Thinking it was a scam, she hung up.
But then she received a follow-up email. She forwarded it to one of the school's board members, who works in financial services, to check if it was legitimate.
It turns out it was.
A month later, the Hmong American Peace Academy, the K-12 school that Her-Xiong founded and runs, had the $3 million gift in the bank, becoming one of more than 1,500 organizations that billionaire philanthropist MacKenzie Scott has donated to in the last few years, following her divorce in 2019 from Amazon founder Jeff Bezos.
“It was so unreal. I think I’m still on cloud nine,” Her-Xiong said in a recent interview with the Milwaukee Journal Sentinel.
It is the single largest donation that the school has received since opening as an elementary in 2004, with a mission of educating Hmong-American children while also preserving their culture, traditions and language.
In addition, Carmen Schools of Science and Technology, a charter school network with five schools around Milwaukee serving more than 2,100 students, also received a donation from Scott this fall, totaling $3.5 million — the largest sum the network has ever received, according to school board members.
"We're really just honored by the generosity of the gift and also believe it really recognizes the impact our teachers and staff have had on the lives of students and families over the last 15 years," said Kathy Hamel, a member of Carmen Schools' board of directors.
The money is unrestricted, meaning the schools can use the funds how they see fit. Officials at both schools are still deciding how they want to use the money but generally want to provide academic supports for students, building upgrades and staff supports.
The donations were part of Scott's latest round of giving, in which she gave hundreds of millions of dollars to charter schools and public school districts across the country, among other organizations. Scott, who has pledged to give away at least half of her fortune over her lifetime, has now donated $14.4 billion since her divorce, according to a tally of totals she has disclosed in semi-annual Medium posts. She is one of the United States' biggest lifetime givers, behind only Warren Buffett, Bill Gates and Melinda French Gates and George Soros, according to Forbes.
Among the school districts she gave to were Chicago Public Schools ($25 million), Cleveland Metropolitan School District ($20 million) and Detroit Public Schools Community District ($20 million). Milwaukee Public Schools did not receive a donation.

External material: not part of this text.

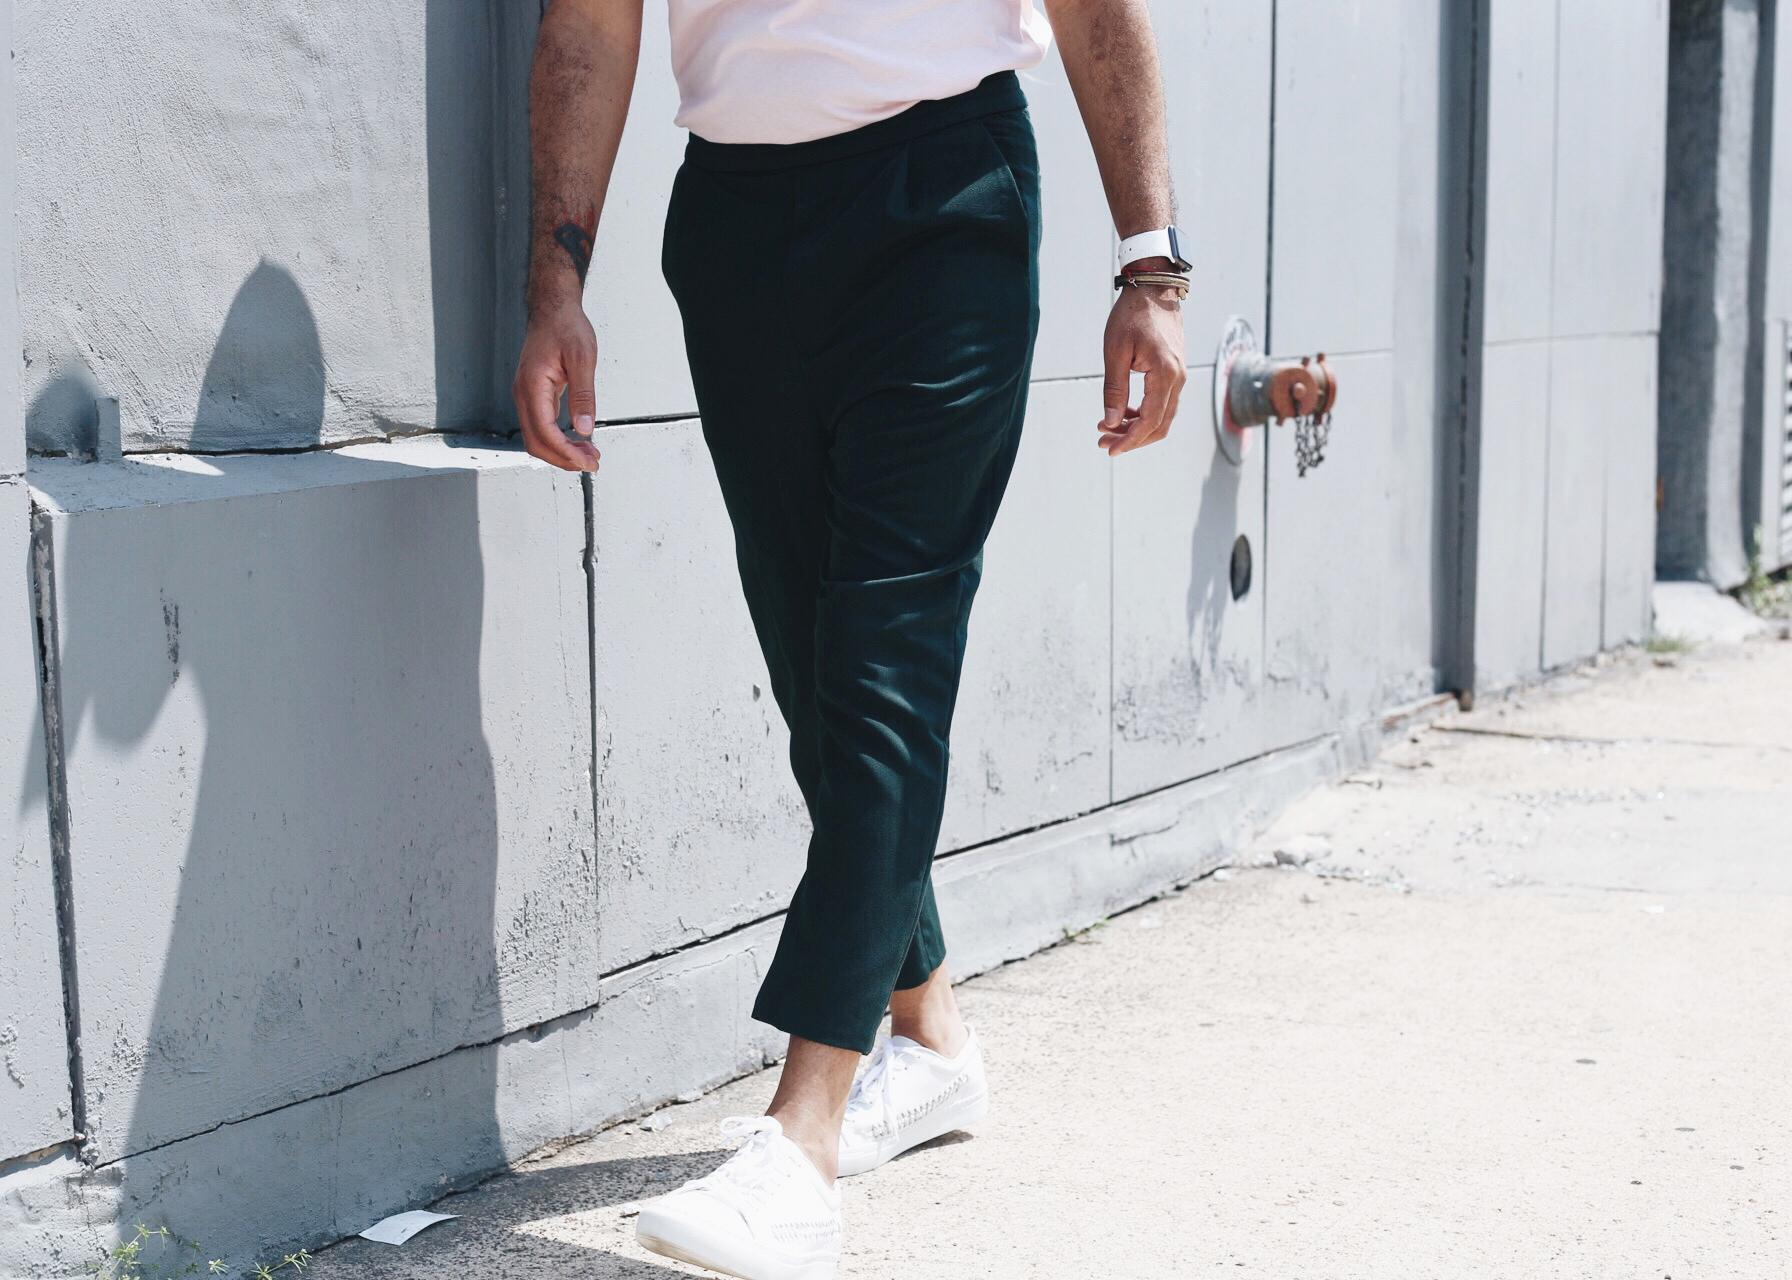 green-cropped-pants-pink-tshirt-walk-cropped.jpg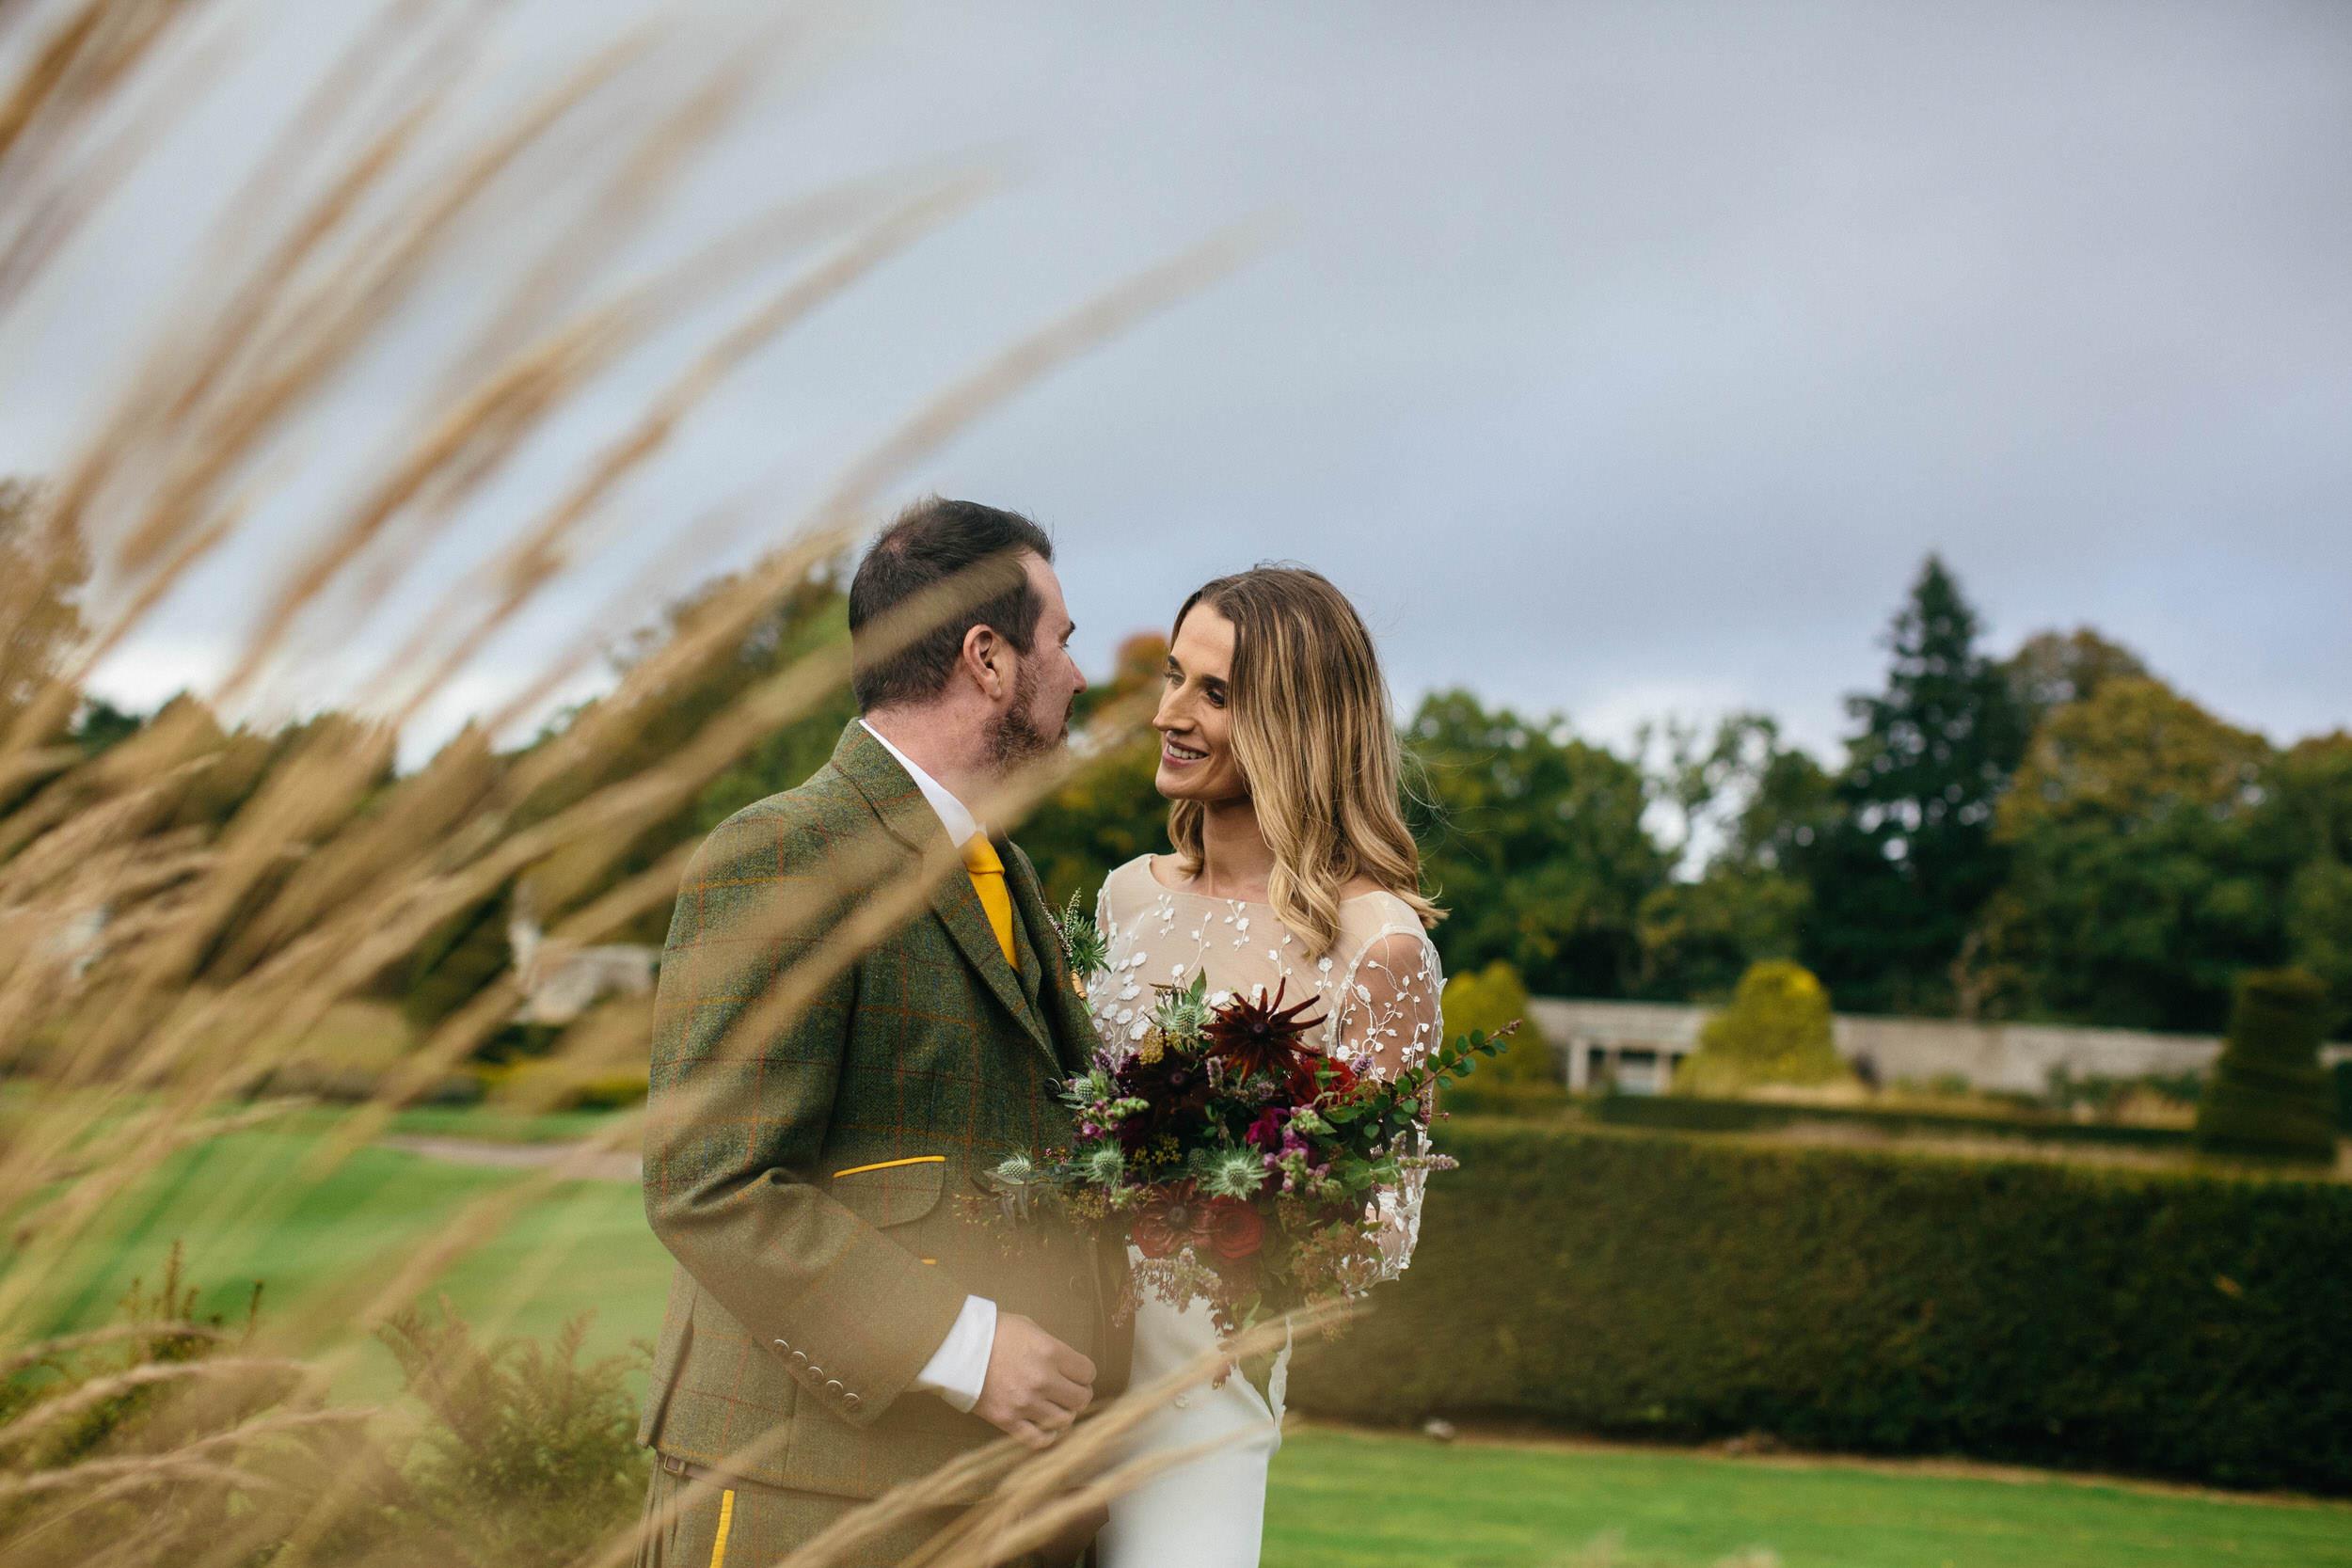 Quirky Wedding Photographer Scotland Glasgow Edinburgh Mirrorbox 140.jpg

Besides schools, Scott also contributed to groups that focus on LGBTQ rights, racial equity, refugee and migrant rights, job training and readiness, and more.
It is not clear how the Milwaukee charter schools came to Scott's attention, or to that of her team. In her latest Medium post, Scott said she looked to support organizations working with underserved communities.
The Hmong American Peace Academy serves almost exclusively Hmong students, the vast majority of them low-income. It is one of the city's highest-performing public schools, regularly exceeding expectations on its state report cards.
Four of Carmen's schools — an elementary school, a middle school and two high schools on the south side — draw mostly Hispanic students from the surrounding neighborhoods. The remaining campus — a combined middle-high school on the northwest side — serves mostly Black students. Most come from low-income families.
One of the three high schools, Carmen South High School, has drawn national attention, with U.S. News and World Report ranking it as the best public school in Wisconsin in 2017. But the charter school network has struggled to replicate that success with its other schools. Carmen Southeast High School, the other high school on the south side, failed to meet expectations on its latest state report card.
The donations come as schools continue to emerge from the pandemic and confront challenges stemming from school closures and other pandemic-related disruptions, including student learning loss and a rise in mental health problems.
"COVID-19 really did a terrible thing to our young scholars," Her-Xiong said, adding that students are behind academically and have more needs than before. "They can't learn if their social and emotional needs are not met."
Officials at the school have not finalized how they will use the $3 million, she said, but priorities include enhancing educational opportunities, including arts and other programming; investing in school buildings and other infrastructure; and hiring employees to meet students' needs.
"We are committed first and foremost to ensure that the dollars impact what matters the most, and that is the classroom," she said.
The Hmong American Peace Academy just opened a new $30-million school building last year, which allowed it to close one of its two satellite locations and move those students to the main campus, on 84th Street just south of Hampton. Her-Xiong has said she hopes to continue expanding to bring the rest of the students, at the remaining satellite location on Denver Avenue, to the main campus.
Officials with Carmen Schools were also still deciding how to use the donated funds.
"We are bringing forward some proposals to the board, I believe in the coming months so we can sketch that out in more detail," Hamel said.
But officials plan to put the money toward three buckets, she said: academic growth, facility improvements and staff retention.
Earlier this year, employees at Carmen Schools tried to unionize over concerns about pay, working conditions and staff turnover. Ultimately, that effort failed.
Hamel said that Carmen officials already are involved in staff engagement efforts and that staff will have input in how the donated funds are used. Hamel did not have any information on whether or how the network planned to spread the money across its five schools.